Qui Bencini ha sempre affermato di percepire energie particolari che l’hanno aiutato a partorire le sue opere, dove spesso e volentieri si rintracciano concreti elementi provenienti dalla citata regione. In questi lavori di pittoscultura infatti è molto presente la pietra serena di Cortona, dove l’artista va spesso per rintracciare le sue origini; queste e altre materie donano alle opere un sapore mistico, primitivo, elevandole a significati profondi che fanno parte della sfera umana e ultraterrena. Si tratta di opere studiate in modo molto preciso sotto il profilo geometrico e simbolico e fin dal primo impatto ci conducono verso un Mondo Altro, il quale ci pone in diretto contatto con Dio. Anche i colori utilizzati, formati anche in questo caso grazie all’utilizzo di elementi naturali, come la sabbia, ci fanno innalzare dalla nostra dimensione quotidiana per portarci in un universo parallelo. Una cromia molto cara a Bencin4 (3)i è per esempio quella contraddistinta da un nero luccicante, che venne in mente all’Artista un giorno all’Isola d’Elba, quando vide “Una spiaggia di sabbia nera, piena di vita per i luccichii ch’emanava”, colore che allo stesso tempo mette insieme l’ombrosità della morte e la brillantezza della vita ed è proprio da qui che nasce la poetica del pittore, detta “Arte Tetrista”, dove, per dirla con lui “Dal buio nasce la luce, dalla morte nasce la vita. Il perché?
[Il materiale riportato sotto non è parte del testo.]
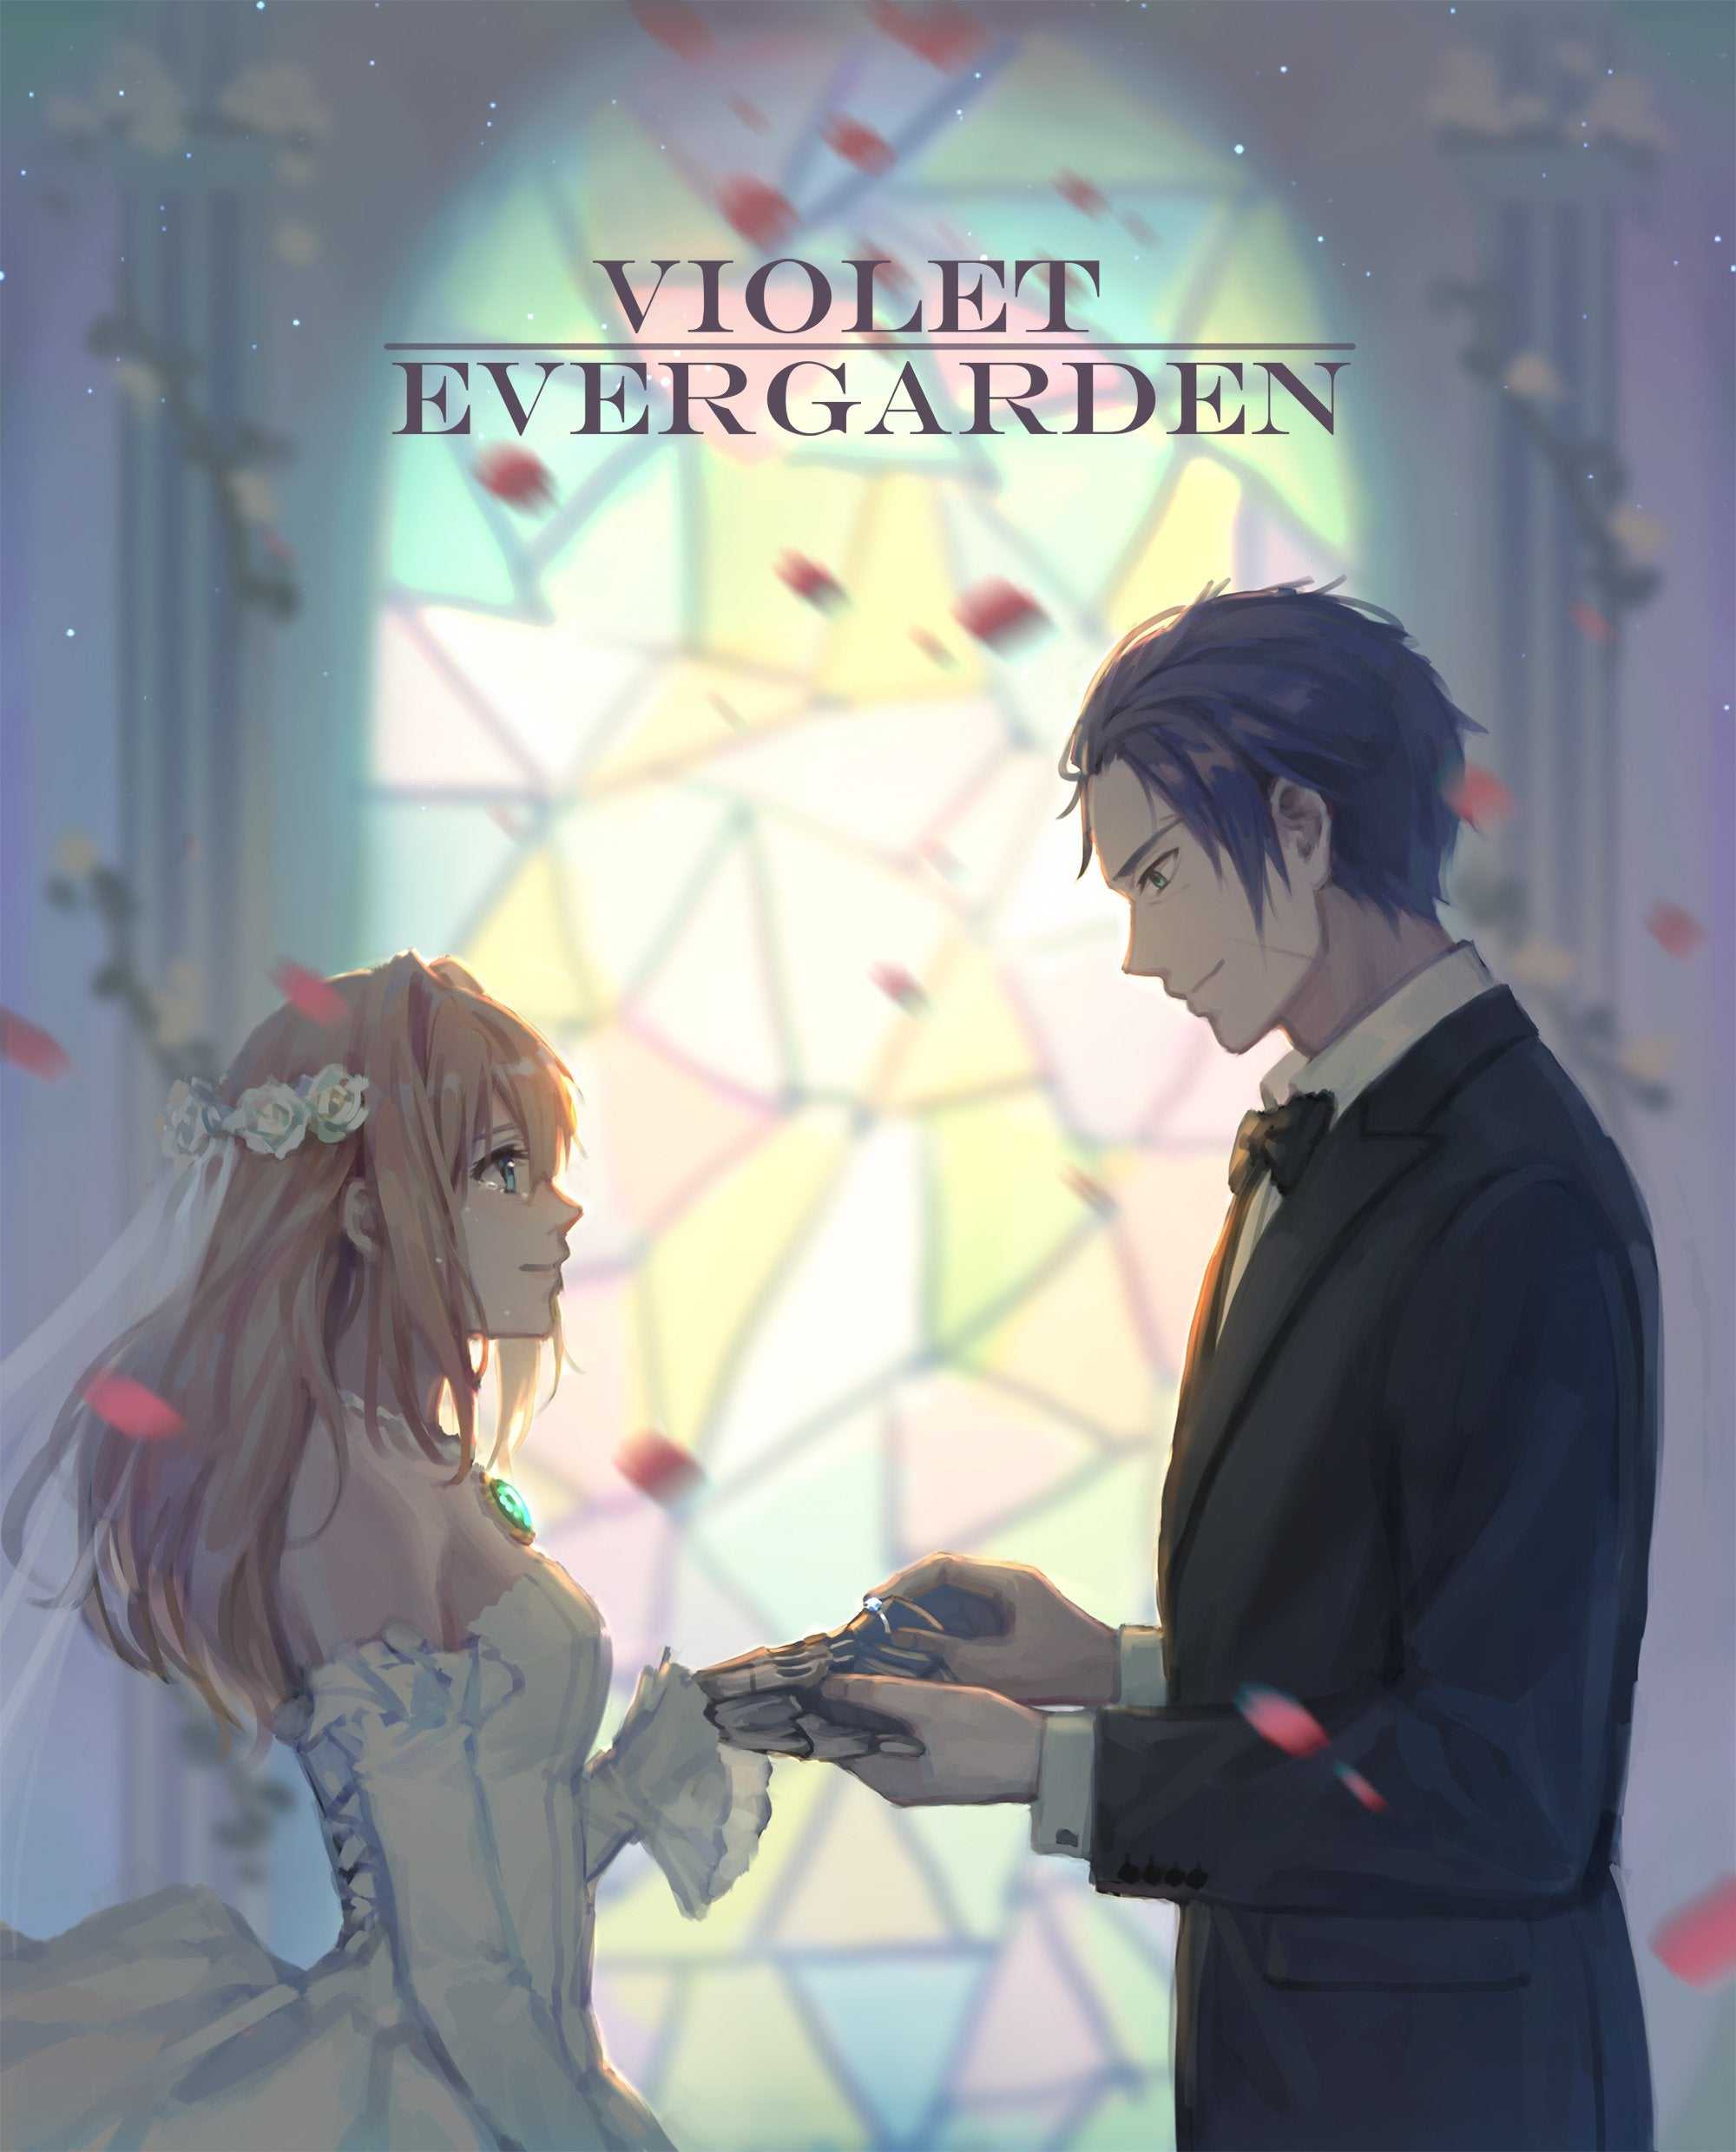 What are some really emotional anime like Violet Evergarden? - Quora

Tutto nasce da un recondito pensiero legato alla terra e al cielo”.

È qui allora che troviamo, a esempio, il triangolo della Santa Trinità, oppure gli ovuli rappresentanti la vita, oppure, ancora, tagli scavati nel tessuto del dipinto, che ci rimandano direttamente alla sofferenza cristologica. In definitiva, potremmo dire che l’opera di Bencini tramite il simbolismo si eleva; è un simbolismo che nonostante apparentemente potrebbe sembrare complicato da comprendere, in realtà colpisce subito la nostra sfera emotiva, catapultandoci – consciamente o no – all’interno di dimensioni spirituali e primordiali, che attraverso pochi segni ci parlano della storia dell’uomo e di Dio.